JEPA = Joint Embedding Predictive Architecture (Yann LeCun's program). 'Representations instead of pixels.' Context encoder + Target encoder (EMA, frozen) + Predictor. Given an image, encode the context regions; predict the target regions' REPRESENTATIONS in latent space; loss = L₂ between predicted and target features. Variants: I-JEPA (image), V-JEPA (video), VL-JEPA (vision-language). Rationale: pixel prediction wastes capacity on low-level texture; latent prediction focuses on semantically predictable structure.
Definitions
- Self-distillation — Student trained to match teacher's output distribution; teacher and student share architecture; teacher updated via EMA of student.

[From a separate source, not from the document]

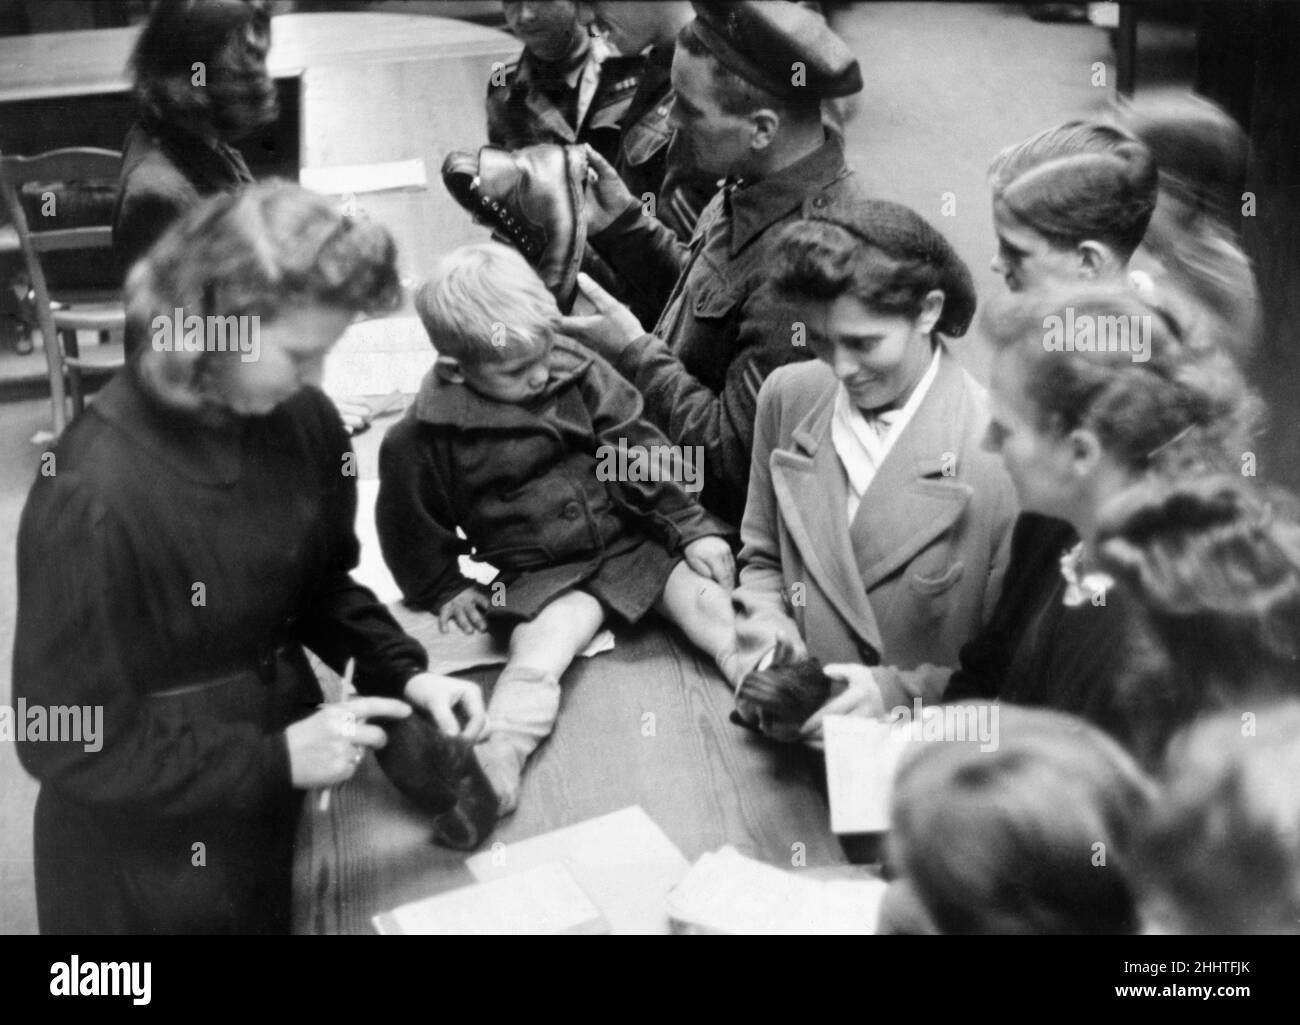 Un intercambio de trueques en Luneburg, Alemania después de la Segunda  Guerra Mundial. Después de la guerra había escasez de necesidades vitales  como alimentos, ropa y productos básicos de uso diario, como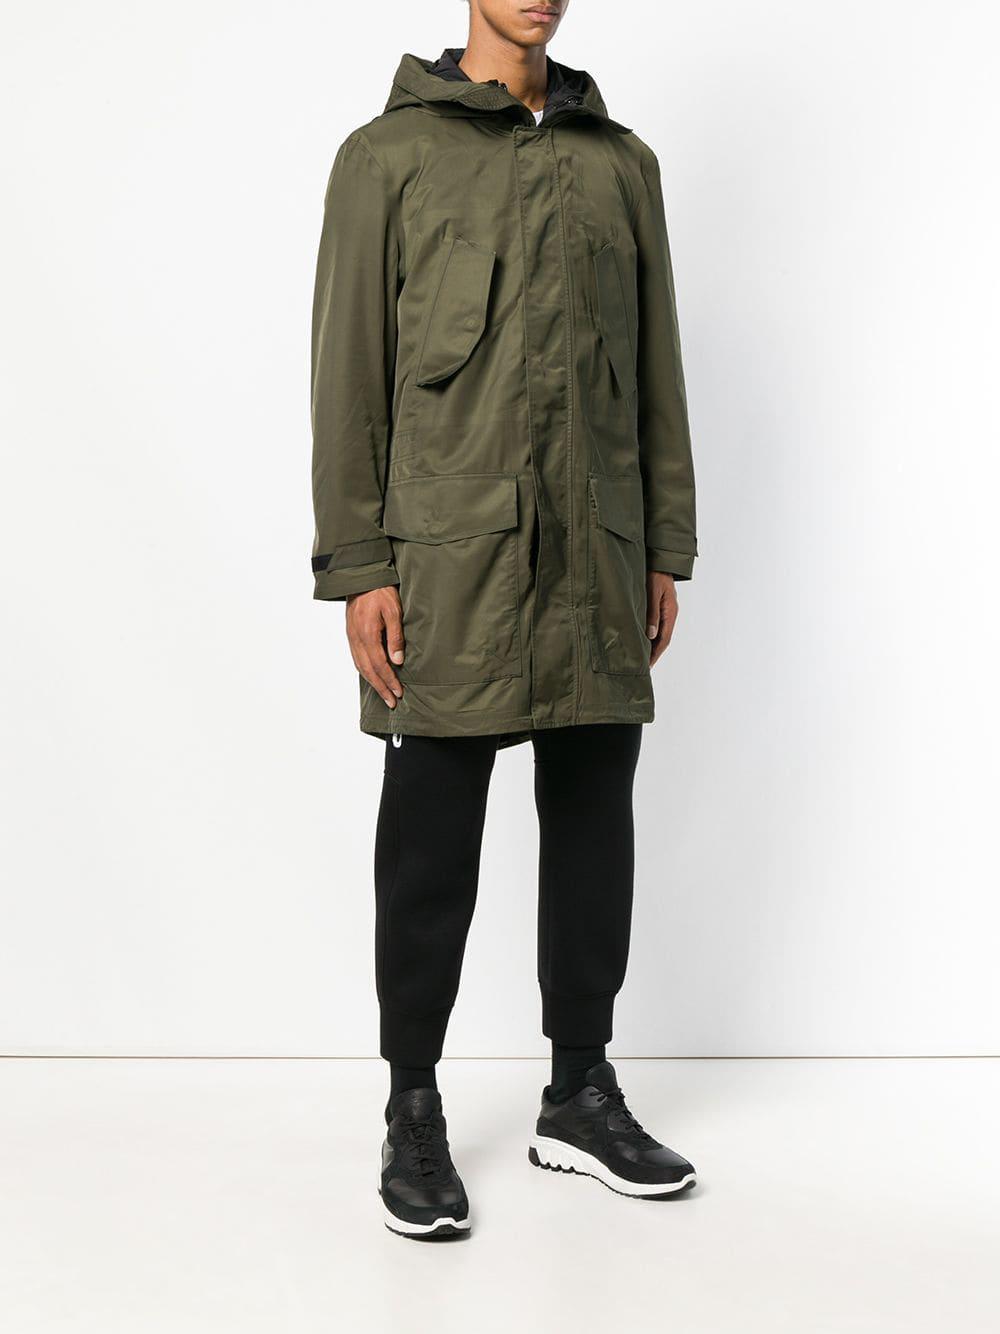 Neil Barrett Synthetic Padded Underlayer Coat in Green for Men - Lyst

- Centering — Subtract running mean of teacher logits before softmax; spreads target distribution; prevents collapse-to-one-dim.
- Sharpening — Divide teacher logits by very low temperature; produces peaky target; gives clear gradient to student.
- Multi-crop — DINO augmentation: 2 global (>50% area) + 6-10 local (<50%) views; teacher sees only global; student sees all.
- Mask ratio (MAE) — Fraction of patches masked; 75% in MAE vs 15% in BERT — images have more spatial redundancy.
- JEPA — Joint Embedding Predictive Architecture; predicts target features (EMA target encoder) rather than pixels.
Formulas
\theta_t \leftarrow \lambda \theta_t + (1-\lambda)\theta_s,\ \ \lambda: 0.996 \to 1\ \text{(cosine)}p_t = \text{softmax}\!\left(\tfrac{g_t(x) - c}{\tau_t}\right),\ \ c \leftarrow m \cdot c + (1-m)\,\mathbb{E}[g_t(x)]L_{\text{DINO}} = -\sum_x p_t(x) \log p_s(x)L_{\text{MAE}} = \frac{1}{|\mathcal{M}|} \sum_{i \in \mathcal{M}} \|x_i - \hat x_i\|_2^2L_{\text{JEPA}} = \|f_\phi(\text{ctx}) - \bar f(\text{target})\|_2^2\ \text{(latent space)}
Derivations
Why MAE masks 75% and BERT only 15%: language tokens carry distinct semantic content; masking 15% leaves enough redundancy for the task to be non-trivial but not impossible. Image patches are far more redundant spatially — neighbouring patches are nearly identical. At 15% mask the model can essentially copy nearby patches; at 75% interpolation fails and only semantic understanding can complete the reconstruction.
Examples
- DINO ViT-B/16: trains on 2× 8-GPU servers for 3 days; achieves 78.3% k-NN top-1 on ImageNet with no labels.
- MAE encoder cost: at 75% mask, encoder sees N/4 patches → roughly 4× speed-up versus a non-masked encoder.
- Registers in DINOv2: 4 extra learnable tokens, no positional embedding; absorbed all the 'high-attention on blank sky' artefacts.
Diagrams
- DINO architecture: student + EMA teacher with multi-crop (2 global + many local); centering + sharpening on teacher output; CE loss.
- MAE asymmetric encoder-decoder: encoder sees only 25%, decoder fills in mask tokens and reconstructs pixels.
- JEPA: context encoder + EMA target encoder + predictor; loss in latent space.
Edge cases
- Without centering OR without sharpening DINO collapses — both are essential.
- MAE pixel loss can dominate by low-level texture; some variants use perceptual loss instead.
- JEPA's latent collapse — predictor can predict a constant; combat with KoLeo / regularisers.
Common mistakes
- Stating DINO uses negatives — it does not (only self-distillation).
- Confusing DINO's EMA teacher with MoCo's momentum encoder — different mechanisms, similar mathematical form.
- Saying MAE uses BERT-like 15% mask — it's 75%.
- Treating JEPA as 'MAE in latent space' — JEPA explicitly predicts EMA-target features, not reconstructed pixels.
Shortcuts
- DINO anti-collapse pair = centering + sharpening (with low τ_t ≈ 0.04).
- MAE encoder sees 25%, decoder sees 100% (mask tokens + visible features). Asymmetry is the point.
- Output dim DINO = 65,536 — anti-collapse via large softmax space.